5.3. Отношение к смеху и детству

iНе можете найти то, что вам нужно? Попробуйте сервис подбора литературы.

Между героями Вежинова есть еще одно незначительное, на первый взгляд, сходство: они оба не любят смеяться над чужими несчастьями. Если быть точным, Антоний не любил в детстве, и Доротея напоминает ему об том - по свойству всех возлюбленных возвращать своих избранников в утраченный рай детства:

- Не люблю я шуток, - ответила Доротея. - Не понимаю я, когда шутят, а когда говорят серьезно. Из-за этого и на смешные фильмы не хожу. Все смеются, а мне плакать хочется.

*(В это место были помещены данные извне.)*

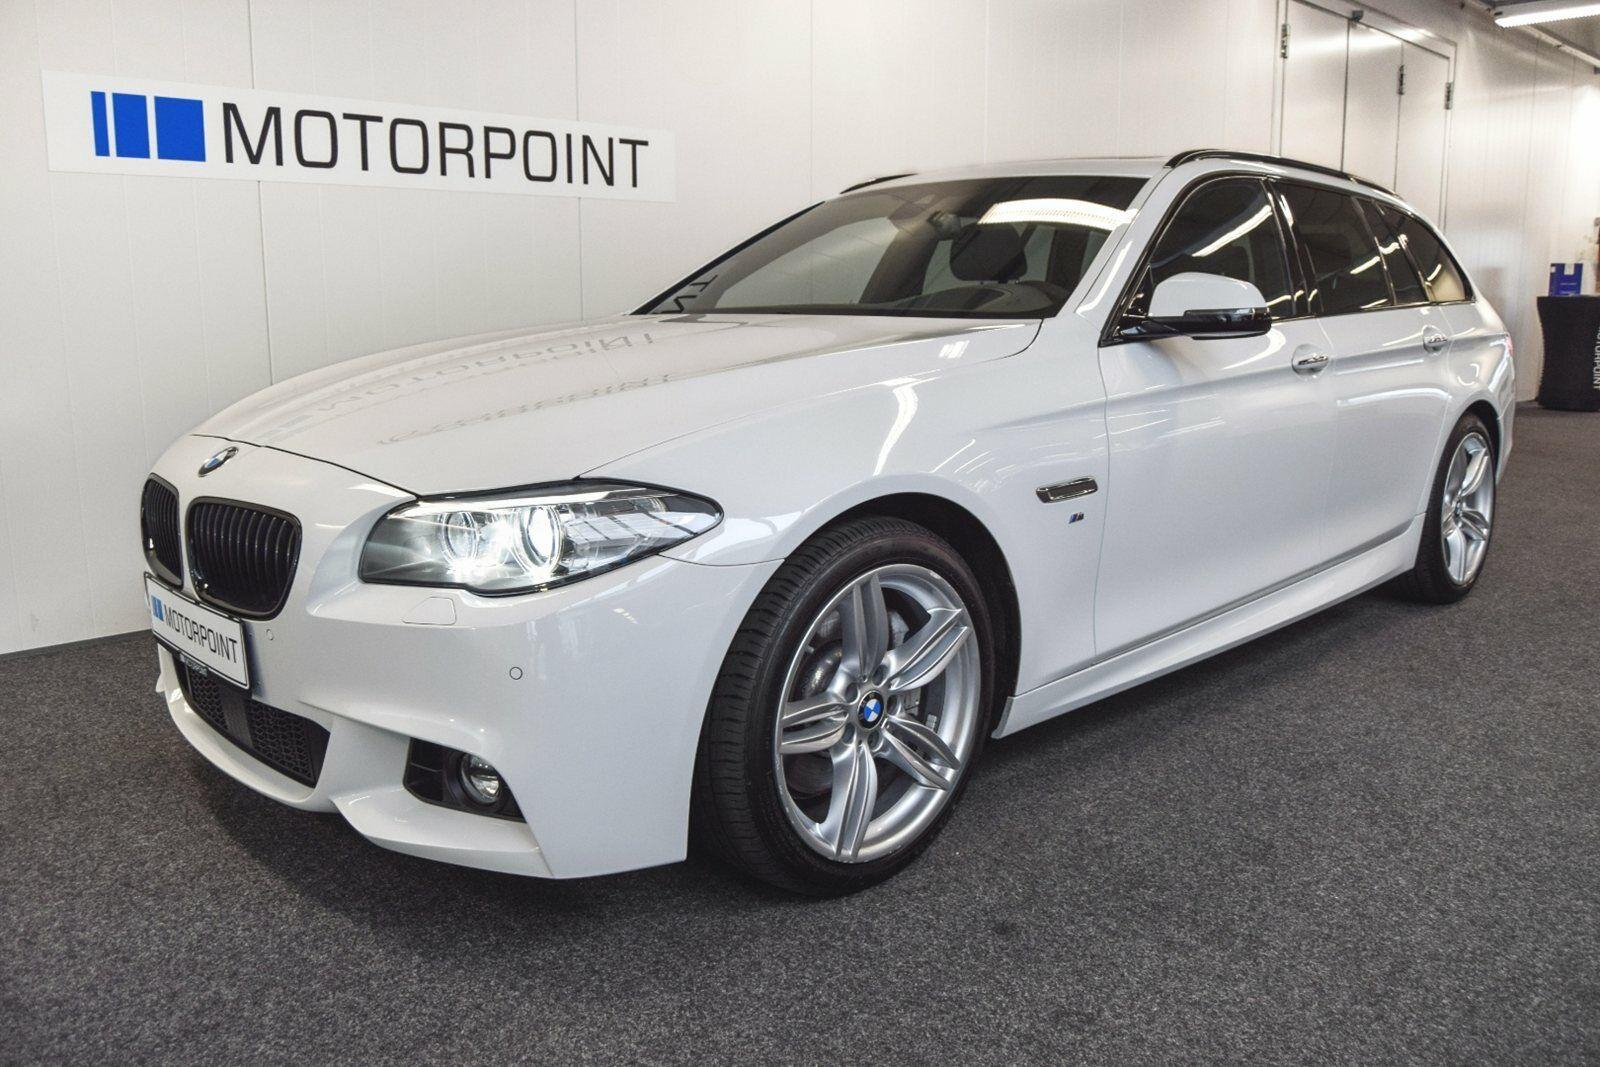 BMW 525d 2,0 Touring M-Sport aut. 5d - 499.900 kr.

Мать мне рассказывала, что я тоже обливался слезами, когда мальчишкой смотрел "Новые времена". Решил, что Чарли Чаплина вправду затянуло в машину.

- Может, ты и права, - сказал я.

- Конечно, права! - воскликнула Доротея. - Что смешного в том, что человека толкают, бьют, сбрасывают с балкона...

Ну что ж, логично. Не слишком похвально так откровенно смеяться над чужими бедами и несчастьями [Вежинов, 1985, с. 28].

В повести же Достоевского тема детства-юности затрагивается только относительно героини, ведь ей всего 16 лет, а на вид - 14. У героя же будто и не было детства - он никогда о нем не вспоминает. Это весьма показательно, ведь мы знаем, как высоко ценил Достоевский детские воспоминания: одно доброе детское воспоминание может стать для человека залогом спасения. Об этом он говорит устами своего любимого героя Алеши Карамазова в последнем романе:

Знайте же, что ничего нет выше, и сильнее, и здоровее, и полезнее впредь для жизни, как хорошее какое-нибудь воспоминание, и особенно вынесенное еще из детства, из родительского дома. Вам много говорят про воспитание ваше, а вот какое-нибудь этакое прекрасное, святое воспоминание, сохраненное с детства, может быть, самое лучшее воспитание и есть. Если много набрать таких воспоминаний

с собою в жизнь, то спасен человек на всю жизнь. И даже если и одно только хорошее воспоминание при нас останется в нашем сердце, то и то может послужить когда-нибудь нам во спасение [Достоевский, 1972-1991, т.15, с. 195].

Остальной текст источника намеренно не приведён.